Away from the skyscrapers and concrete bulwarks that is Gurgaon (officially Gurugram), lies the Haryana district of Mewat.
At a distance of 45 kilometres from the cyber hub located in the National Capital Region, Mewat, now administratively known as Nuh, is one of Haryana’s youngest districts carved out of the Faridabad and Gurgaon districts in 2005.
For sometime now, Haryana has emerged as one of the top hubs of women’s football, possibly next to only Manipur and Odisha. Alakhpura FC, who have charted their own course to the Indian Women’s League, come entirely from one town in the state.
The state’s penchant for rewarding competence in sports with jobs in the public sector also produces a high number of sports persons. Mewat however, is more challenging ground.
Everyone’s a winner
In the Mewat Model Government School grounds on a relatively pleasant Tuesday afternoon, two teams in yellow and red square off for an hour on the pitch. On the sides, the girls are cheered on by the boys, who had once told them that this was their ground.
This was a year ago. Since then, the young women have improved considerably on the field and have garnered the respect of their peers. Eventually, the team from Punhana wins by a solitary goal as the girls in yellow rush to congratulate the goalscorer.
On this day however, everyone’s a winner. The teams from the Firozpur Jhirka and Nuh tehsils are second and third. The Taoru and Nagina sides join in the festivities as well. The five teams exchange embraces as Mewat’s first-ever Under-12 girls football tournament concludes.

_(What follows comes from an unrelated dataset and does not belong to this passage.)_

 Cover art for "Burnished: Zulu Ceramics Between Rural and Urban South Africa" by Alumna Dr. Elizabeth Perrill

Saiba Choudhary, a coach and a D-licensee, speaks about the girls, “When we first came here in December 2016, they were shy. They had difficulties running straight. Gradually, they’ve picked up elementary stuff such as trapping the ball and passing it. Their improvement in a year has been remarkable.”
Mewat, a stiff challenge
Mewat, home to the Meo Muslims, is one of Haryana’s most marginalised districts. Sara Abdullah Pilot, a co-founder for the Centre for Equity and Inclusion (CEQUIN), speaks about Mewat’s challenges.
“We specifically picked Mewat because it was an area which was proving hard to break through to. NGO’s have been going there for years and have failed to make headway in a conservative, traditional and insular space,” she says.

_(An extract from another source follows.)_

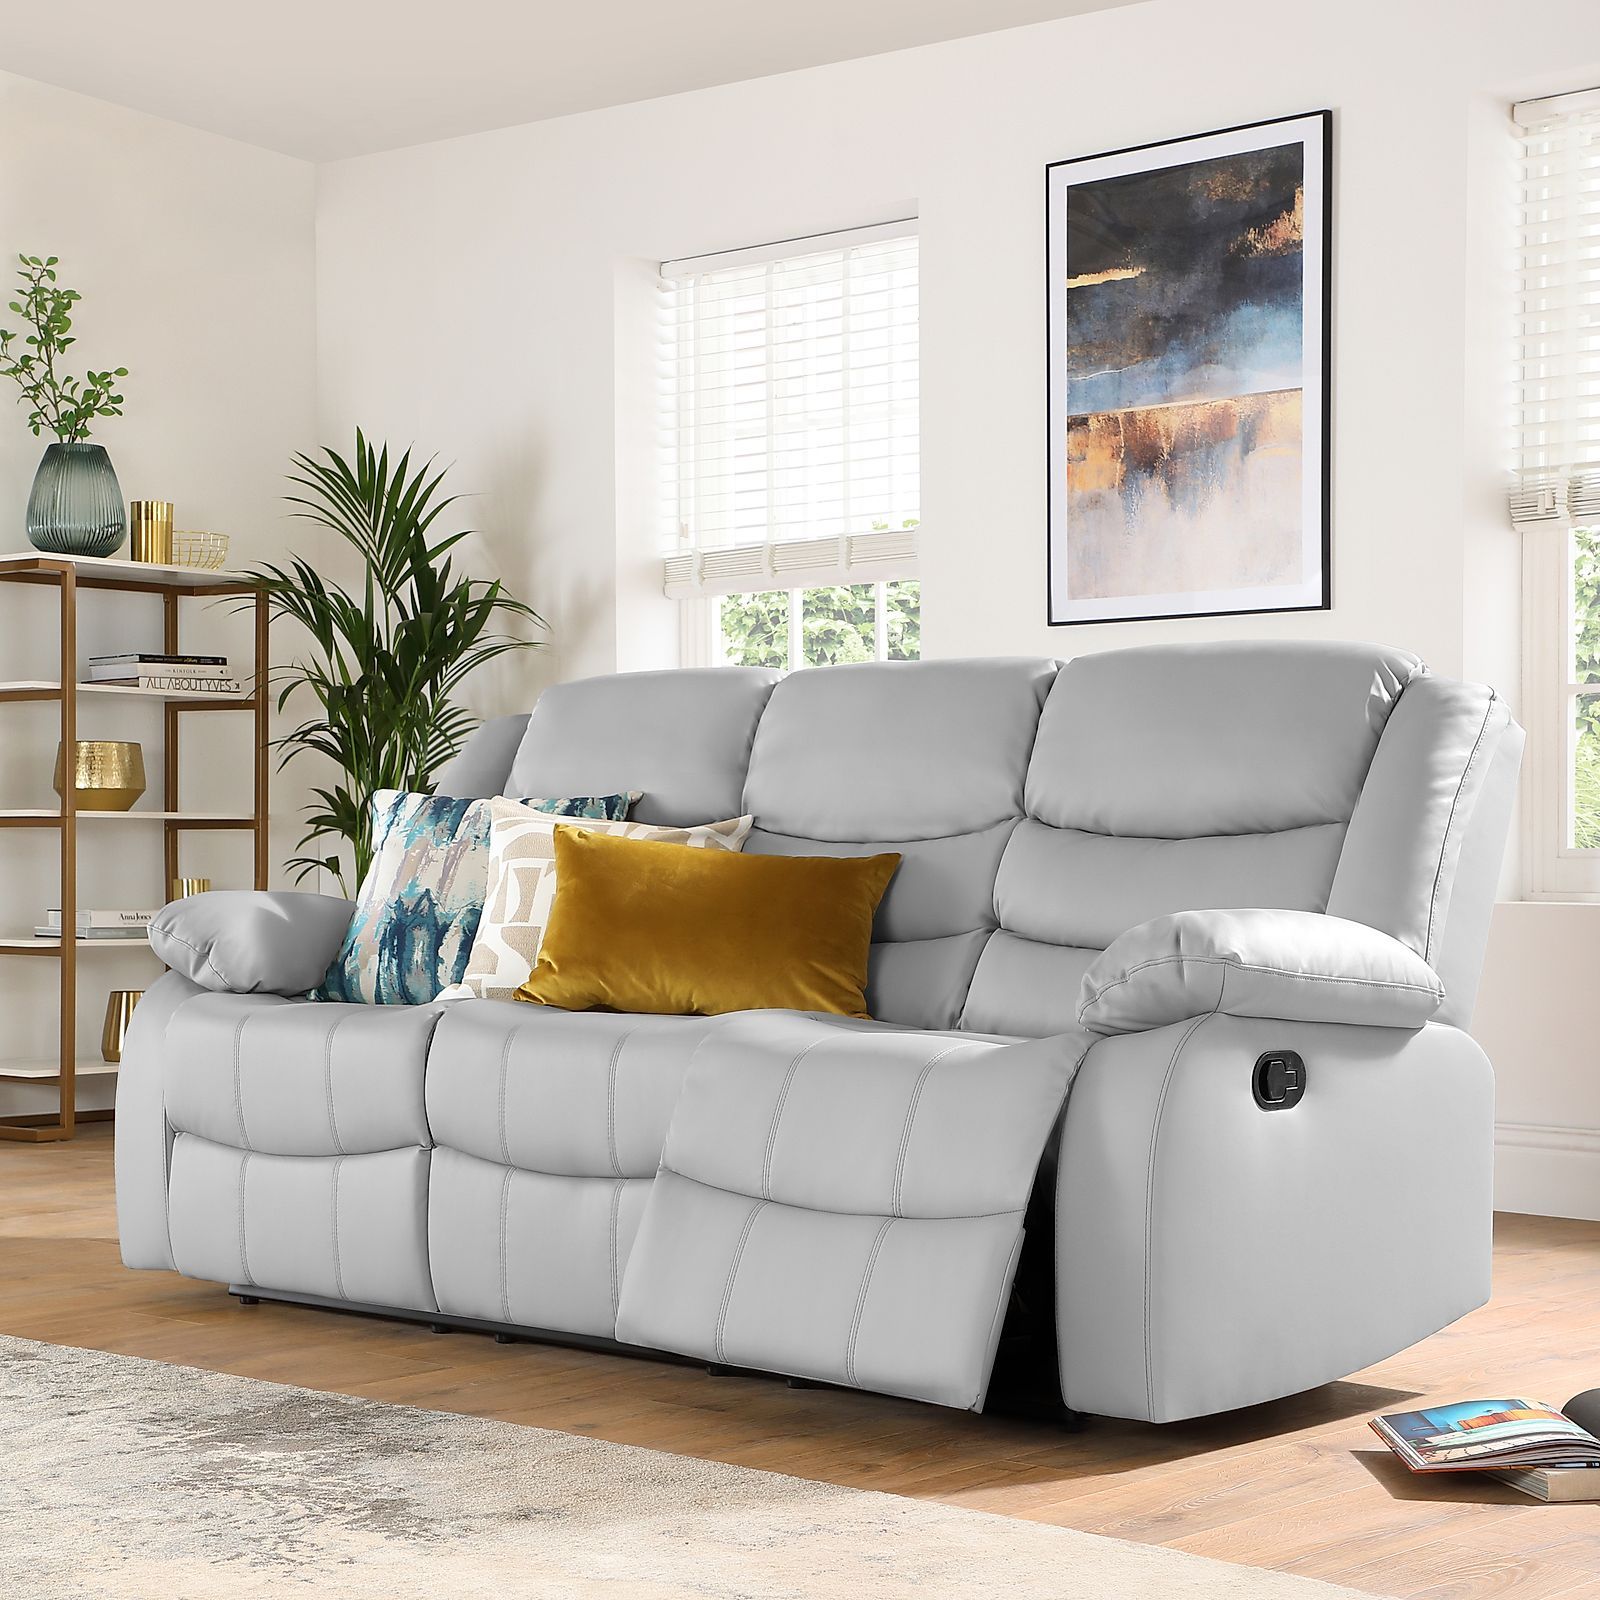 Sorrento Light Grey Leather 3 Seater Recliner Sofa | Furniture Choice For Sofas In Light Gray (View 12 of 22)

One in every third girl child in the district is literate (36.6%), much lower than the state’s average (65.4%) and the dropout rates are alarmingly high. With a quarter of its population under the age of six, that is anything but good news.
Pilot and co-founder Lora Prabhu had decided in 2010 that sports and in particular, football, as an instrument of change, could be used a means of intervention for the girl child in economically backward areas. ‘Kickstart Equality’, launched with 25 girls in the Jamia Nagar region of Delhi has today expanded to 2,600 with Mewat witnessing it’s first-ever under-age tournament for women.
Somi, a member of the coaching team and herself a product of the Jamia project, says that the aim is to give back through football, “Now we’re much more confident. We’ve all got our degrees and AIFF D licenses. Some of us coach at places such as Hindustan FC and Bhaichung Bhutia Football Schools. Now we go to the girls houses, their families, try and convince them to send their girls.”
A ball and a field is all that matters
Almost 90% percent of Mewat lives in it’s rural base, where a chronic shortage of potable water and public transport has added immensely to the difficulties of ordinary women. Government schools are made inaccessible by a lack of transportation options and adequate sanitation facilities.
The girls at the tournament are all from government schools, but targeting out-of-school girls and integrating them also remains a priority, says Pilot. For Mewat, it’s low social indices often mean that one or two in a family of five or six is educated with preference being given to the male child.
In a year when the under-17 men have played their first-ever World Cup at home, the under-15 girls, coached by Maymol Rocky, also the coach of the senior women’s national team, finished runners-up at the SAFF Under-15 championship.
The entire budget of the women’s game stands at a fifth of the expenditure on the Under-17 team’s exposure tours alone and remains severely underfunded and deprived of more women coaches.
For the girls of Mewat however, a ball and a field is a release from their surroundings, and now an integral part of their being. From dawn till the break of school, the area between the two goalposts is all that matters.